(Description of the task): With the pictures left out, copy the listing below exactly.
Collected data: Begin
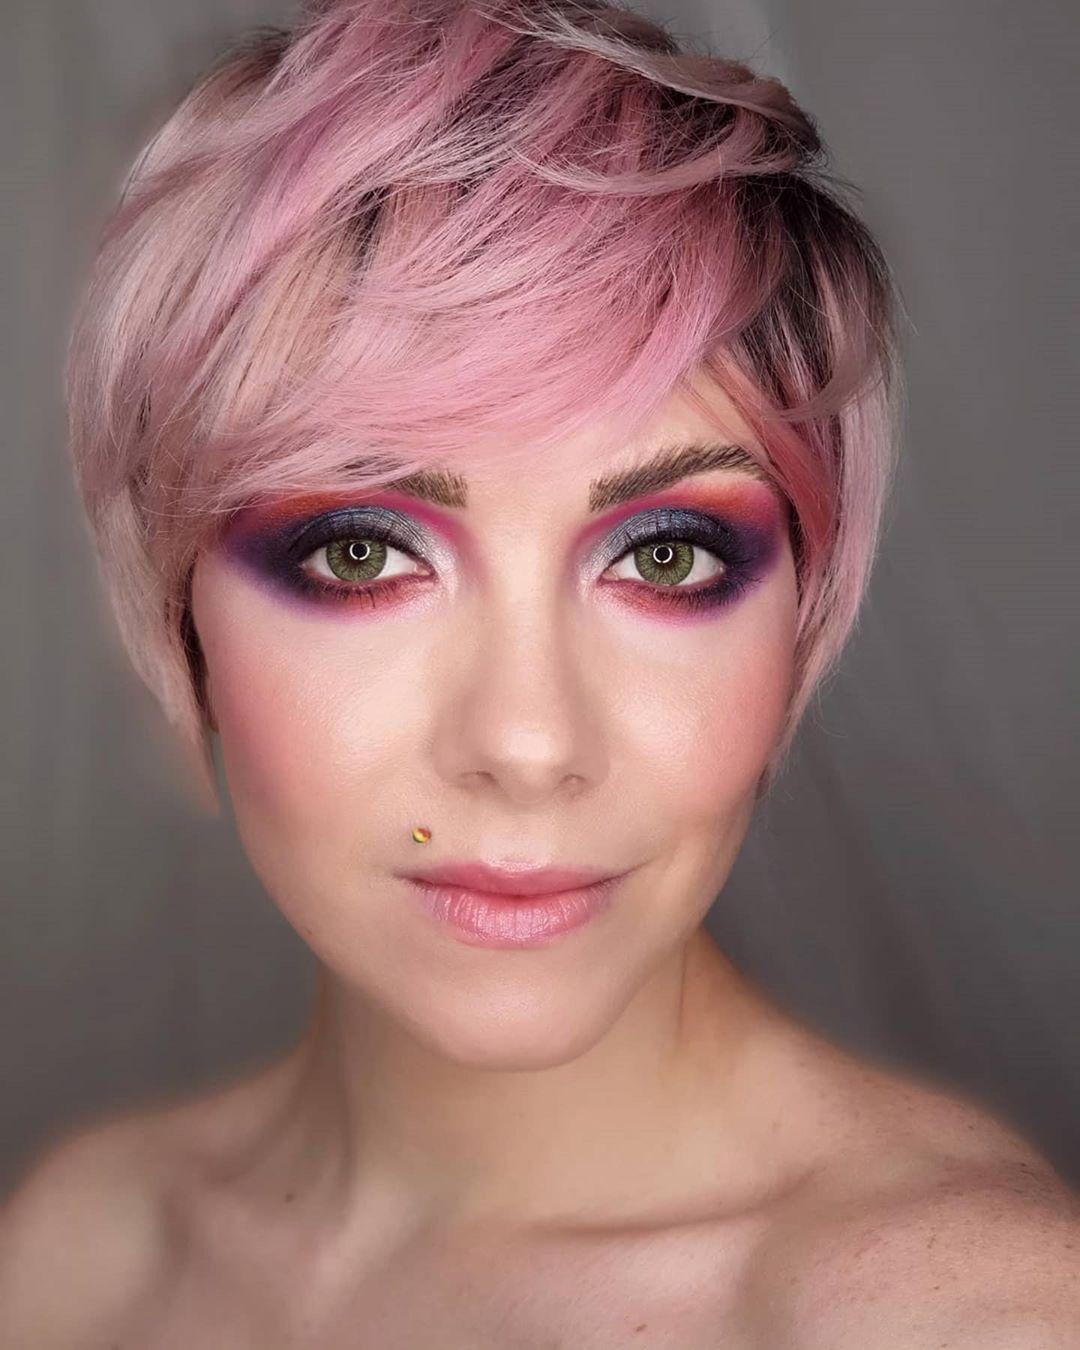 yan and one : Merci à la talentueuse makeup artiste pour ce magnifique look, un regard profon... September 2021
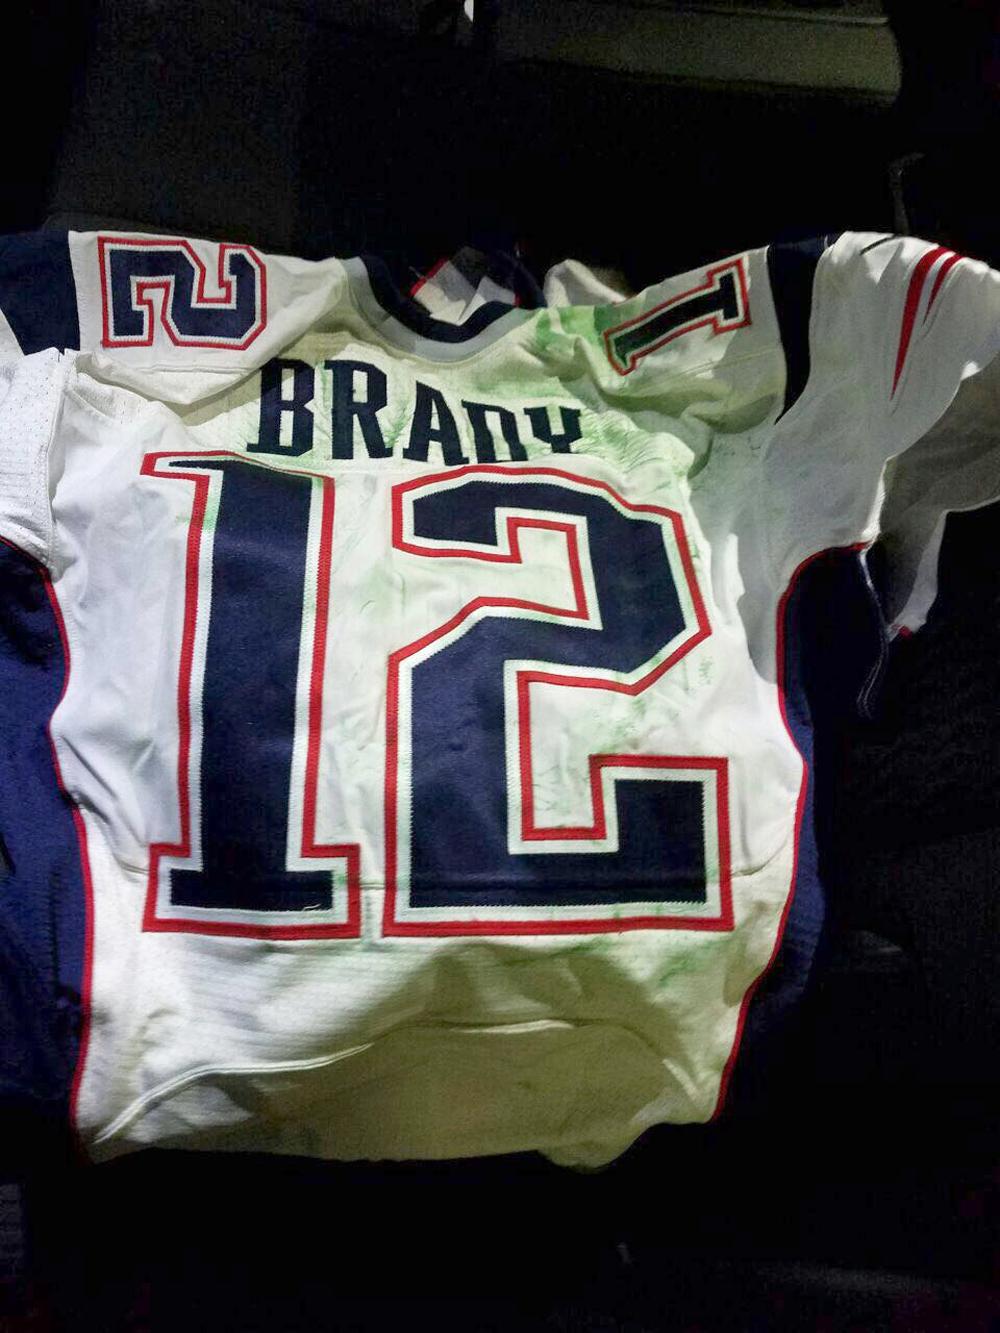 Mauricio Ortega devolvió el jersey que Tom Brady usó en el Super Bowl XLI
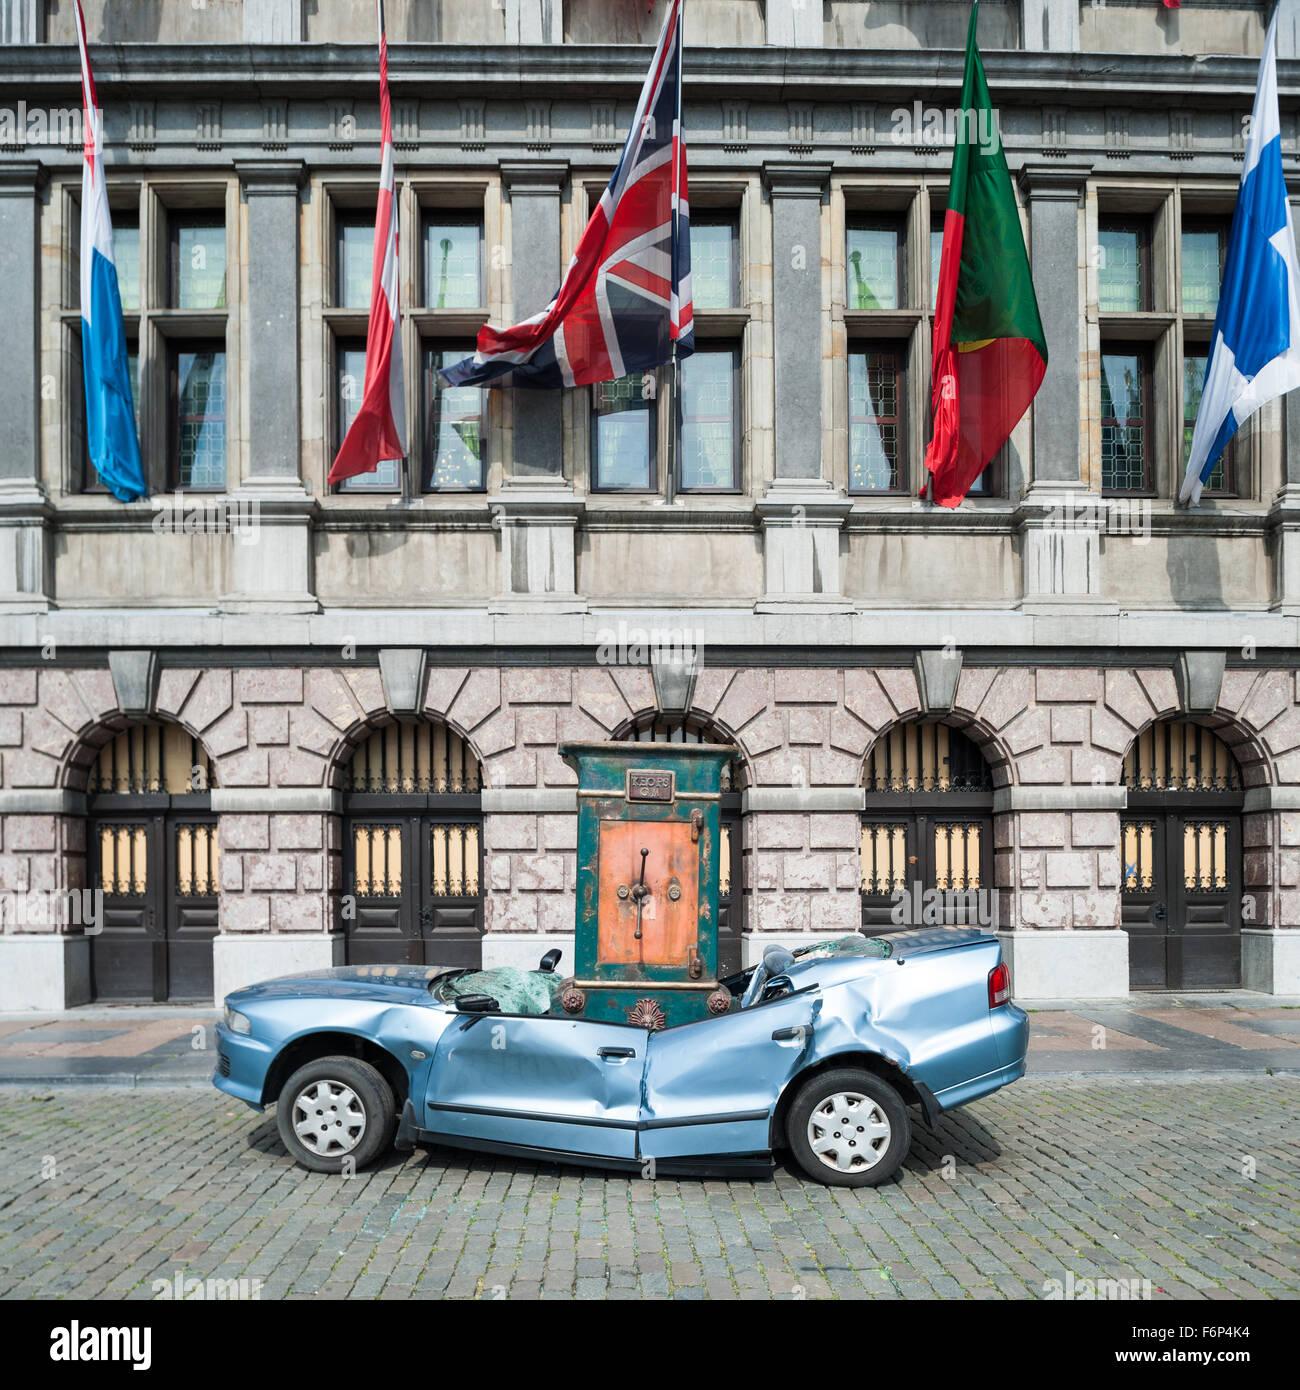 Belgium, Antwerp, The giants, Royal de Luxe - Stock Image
Collected data: End
(Solution for this exercise):
 yan and one : Merci à la talentueuse makeup artiste pour ce magnifique look, un regard profon... September 2021
 Mauricio Ortega devolvió el jersey que Tom Brady usó en el Super Bowl XLI
 Belgium, Antwerp, The giants, Royal de Luxe - Stock Image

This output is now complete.